During a Bristol Development Authority meeting held last Monday, Mayor Ken Cockayne announced that the city and the Central Connecticut Chambers of Commerce are working on a tentative plan to use a part of the former mall site as “green space.” With assistance from Public Works and the Parks departments, as well as BDA Executive Director Justin Malley, the chamber will take the lead on the initiative, which most likely will involve using the corner of Riverside Avenue and North Main Street to host community activities, said Cockayne.
“We’re placing it in a location away from the proposed work of Renaissance,” said Malley during the meeting.
Although the details are still being worked out, Jim Albert, president and CEO of the chamber said there are currently 10 to 12 acres of open space available on the Depot Square property that would not interfere with the development proposal of Renaissance Downtowns for Building B (facing Main Street), which would consist of 140 rental residential units, along with retail space and a public piazza.
The idea would be to use the corner of Riverside Avenue and North Main Street to create a semi-circle, amphitheater “green space” for different events like movie nights, stage plays, and concerts, said Albert.
Meanwhile, the remaining portion of that available space could be used for other possible events, including farmers markets, flea markets, or other concerts, said Albert.
Albert said it is a good idea to ignite some activity downtown before Depot Square is fully developed. He added that this kind of initiative not only enhances economic development, but also promotes community development, as it will bring more people to downtown Bristol.
“It brings people downtown,” said Albert, adding the project also would bring more community pride. “It highlights different chamber businesses that may be involved in these events.”

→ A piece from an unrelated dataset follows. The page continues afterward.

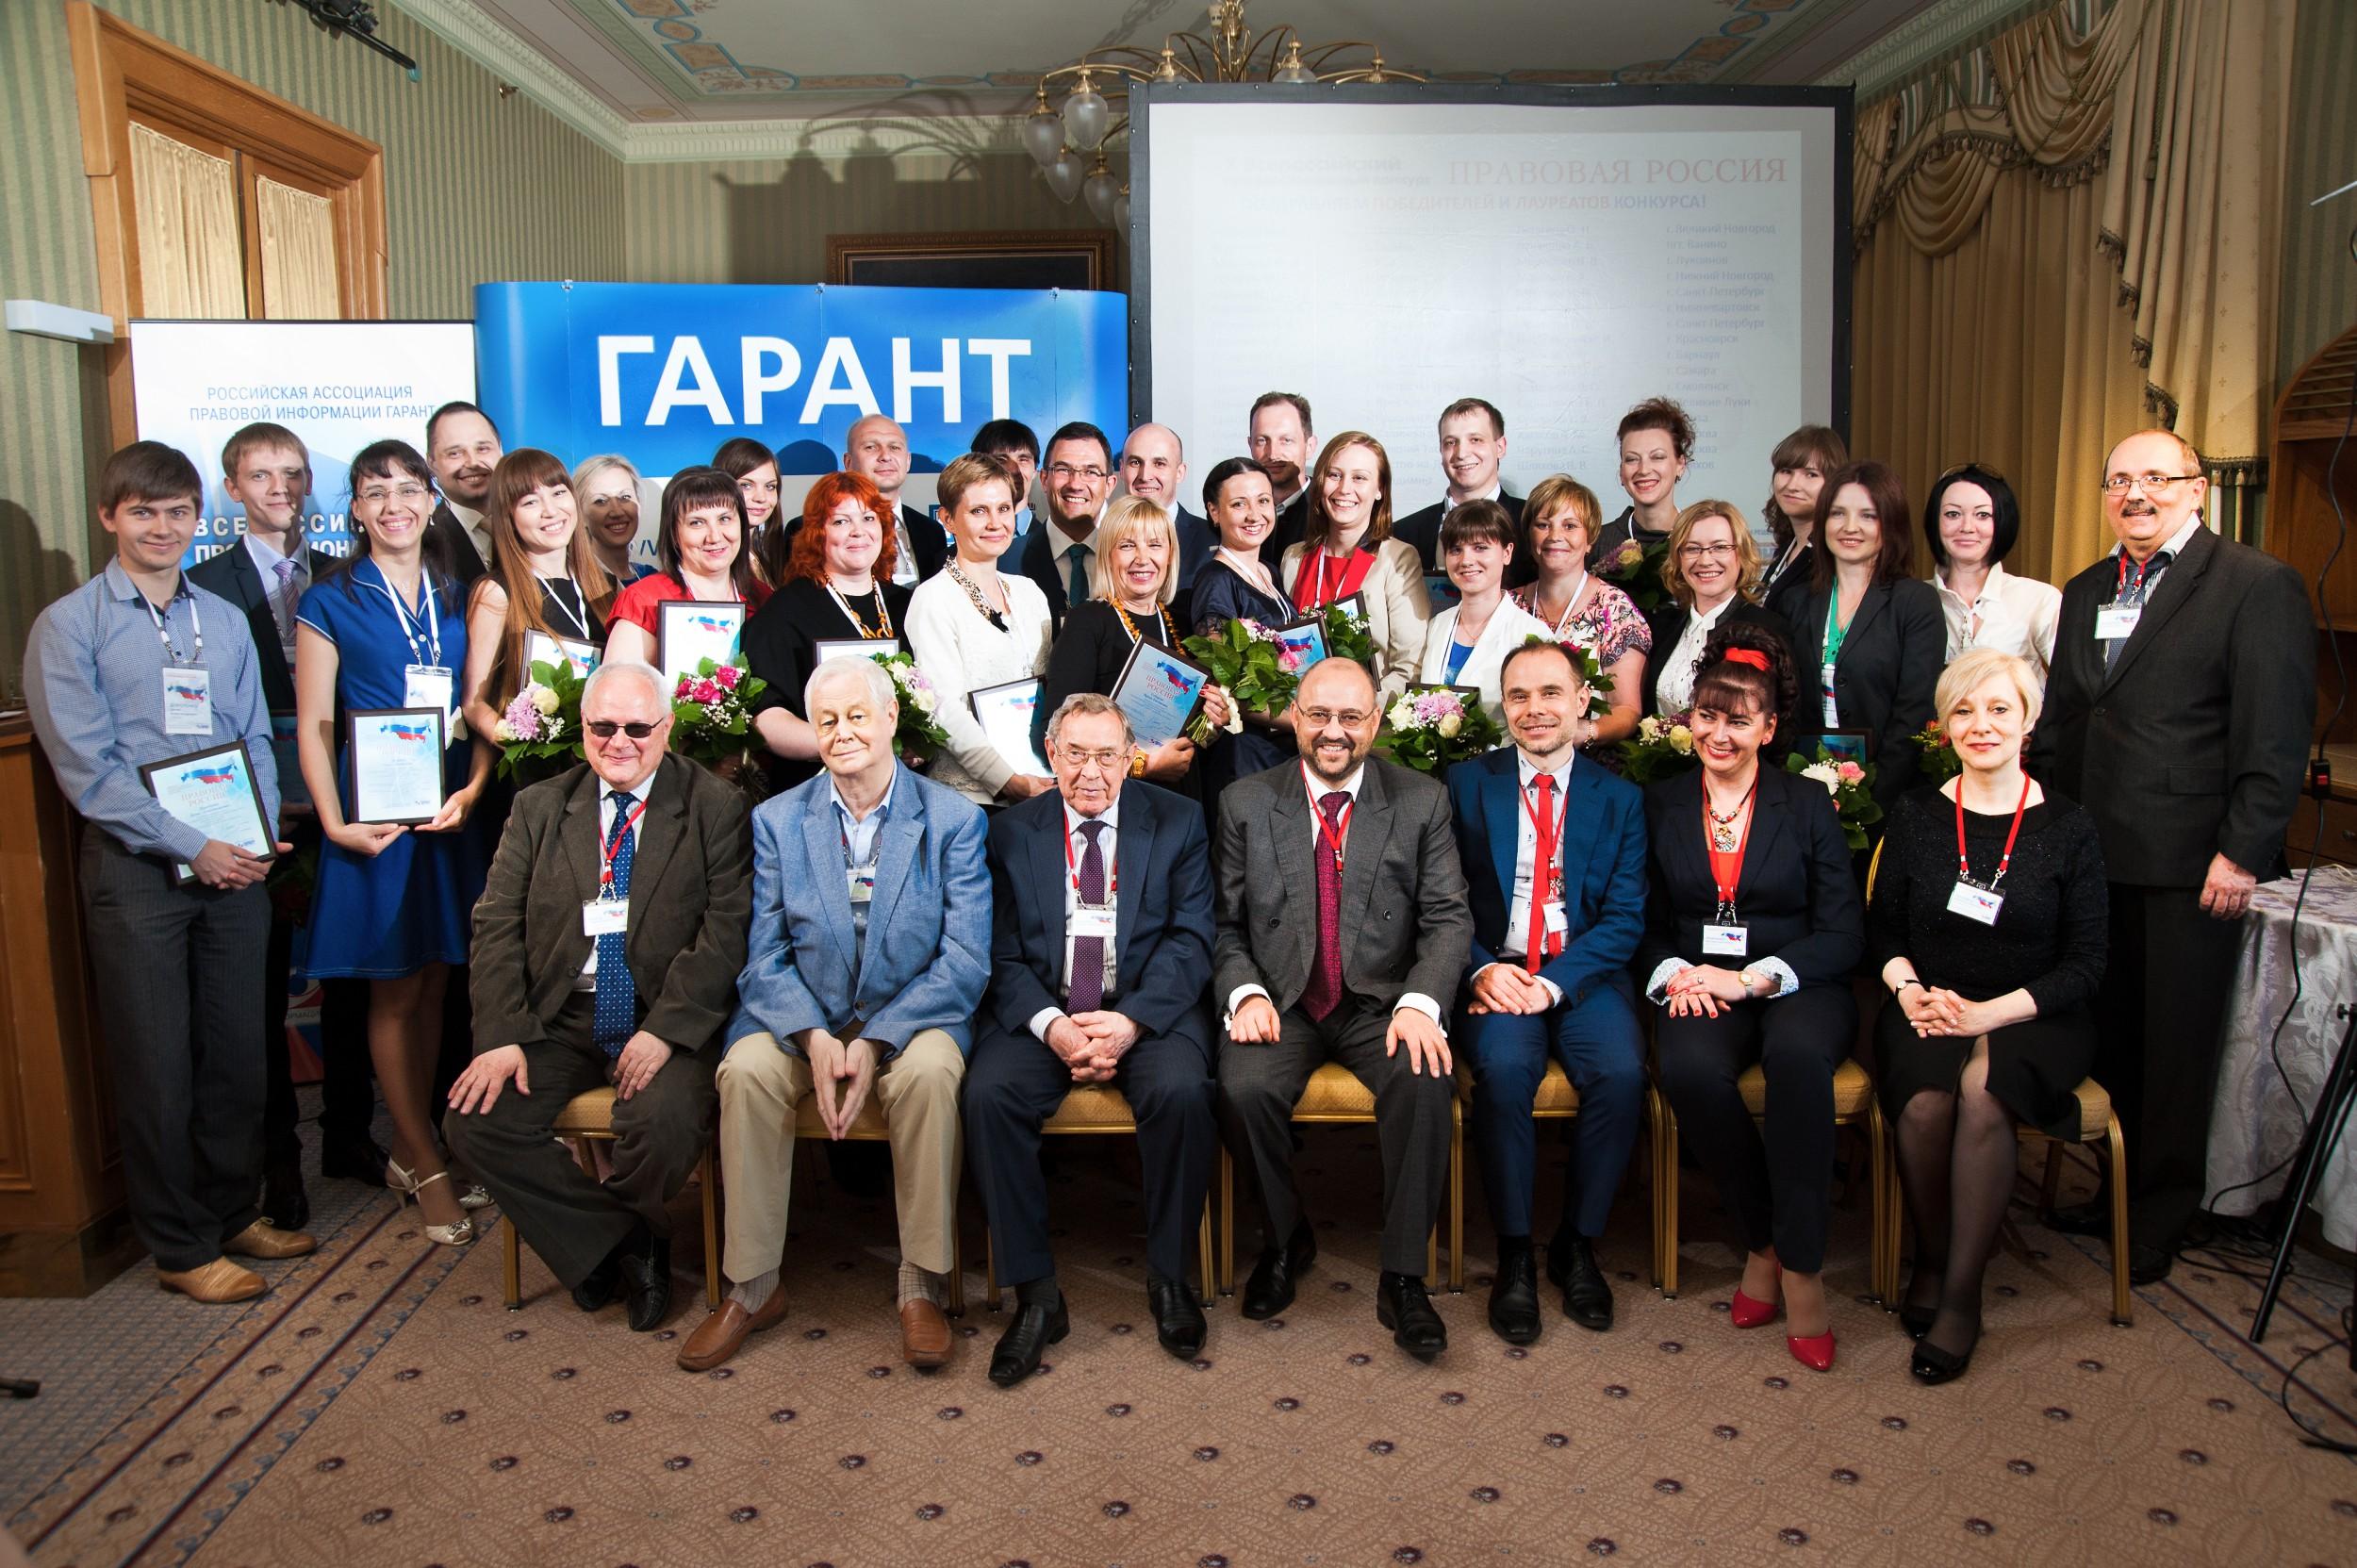 Всероссийский юридический конкурс

Albert said the next step of pushing the initiative forward includes working with Public Works and the Parks departments to determine green space measurements. Albert added another part of the project involves resurrecting the “Interservice Council,” which formerly existed over a decade ago. This council would consist of at least one representative from each social group or club in the community. The goal would be to view each group’s calendar to determine how its spring and summer events would fit into other community events held downtown, said Albert.